Autre complication : l'identité d'un adolescent est une cible mouvante, et essayer de la faire correspondre à un son, c'est comme essayer de confectionner un costume pour un enfant en pleine poussée de croissance. Pire encore, les goûts de Ferreira grandissaient dans des directions qui ne sont généralement pas considérées comme utiles dans la dance pop démographique des adolescents. La liste des influences sur sa page MySpace semblait provenir d'un vendeur de disquaire : Lene Lovich, Deerhoof, Nico, Bow Wow Wow. Une hypothèse répandue était que la marque essayait de lui donner un look branché. Une hypothèse plus évidente aurait pu être que Ferreira était une adolescente alternative assez typique de la côte avec une connexion Internet – une personne qui se réjouirait désormais de son amour pour la chanteuse folk psychédélique Linda Perhacs, le réalisateur Leos Carax ou les merveilles de Technicolor (« Parce que c'est si beau et que le monde n'est pas comme ça »). Écoutez « One », le formidable single électro-pop qu'elle a sorti en 2010, et vous entendrez de nombreuses allusions à la fois à ses goûts et à son faible niveau de satisfaction au travail. (Les paroles « Je ne suis pas un robot, mais j'en ai l'impression » sont peut-être les plus évidentes, mais elle souligne également comment des éléments de la production sont tirés de sources telles que « O Superman » de Laurie Anderson et « Cloudbusting » de Kate Bush. ») À 15 ans, dit-elle, elle « acceptait n'importe quoi – c'était souvent drôle pour moi, quand j'écrivais sur la fête ou sur les garçons ». Au fil des années qui ont suivi, sa carrière est devenue une série de tenues essayées et abandonnées, des ballades acoustiques aux rockers brillants en passant par son moins préféré, un single intitulé "Obsession", dont on devine rien qu'en l'écoutant qui se retrouverait sur la bande originale de une émission télévisée sur les vampires. Elle est passée d'une brune aux cheveux longs et au visage à appareil dentaire à quelque chose de plus dangereux.

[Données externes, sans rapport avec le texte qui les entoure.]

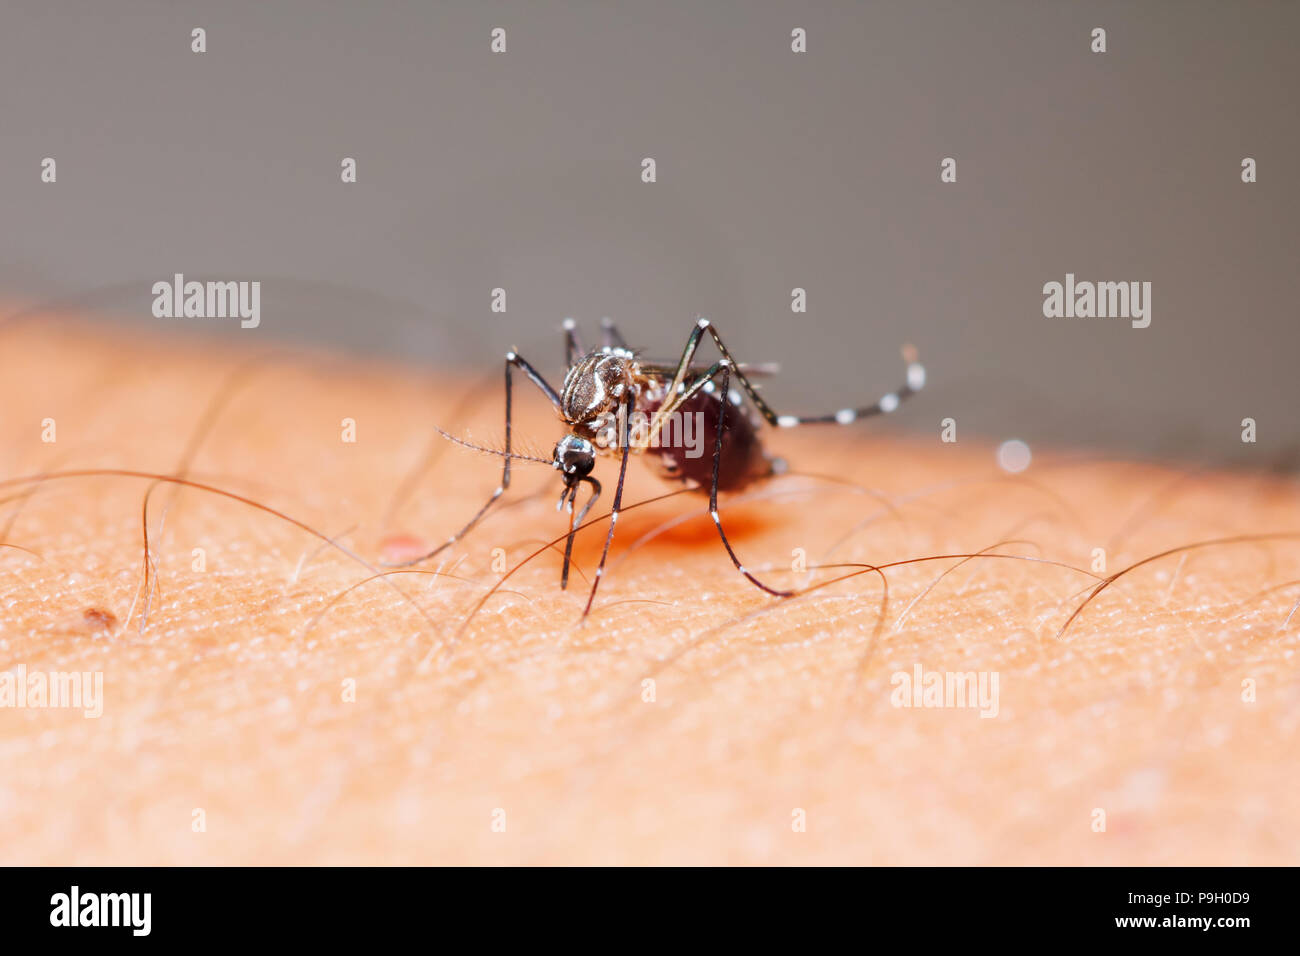 Cerca del mosquito Aedes aegypti (hembra) a chupar la sangre de la piel humana Foto de stock

Toute cette histoire peut ressembler à une parabole féministe/marxiste évidente sur la culture des célébrités, ou sur l'utilisation des femmes comme accessoires dans la mode, ou sur le besoin de l'industrie musicale de monétiser les enfants humains - et bien sûr, de nombreux sentiments de Ferreira à ce sujet penchent dans ces directions. . «Je suis une sorte de blog tabloïd», dit-elle, «mais si j'étais juste un gars ou une fille qui n'était en aucun cas offensant…» Elle parle du sentiment d'appartenir au public, de la façon dont «les gens se sentent comme s’ils avaient le droit de me dire qui je suis. Elle prend un risque et ordonne ce second Arnold Palmer. «Je suis vraiment en colère. J'essaie juste de garder la tête haute en ce moment, car le mois a été long », dit-elle. « Il n'y a qu'une limite à ce que je peux supporter. Mais je dois le prendre. Je dois continuer, pour montrer à tout le monde que ce n’est pas ce qu’ils veulent faire de moi. Etc'estla qualité qui s'est avérée fascinante : Ferreira est beaucoup moins aveugle qu'on ne l'imaginait, et ce sentiment d'être abusé va de pair avec une persistance obstinée et rebelle. Sa réaction au sentiment d'être assiégé n'est pas l'aspiration habituelle à se tenir froidement au-dessus de tout cela ; cela ressemble, de l'extérieur, plus à l'idéal platonicien de l'adolescente bizarre qui se promène à l'école avec un air triste et magnifique et qui fait flipper les gens et rit toute seule.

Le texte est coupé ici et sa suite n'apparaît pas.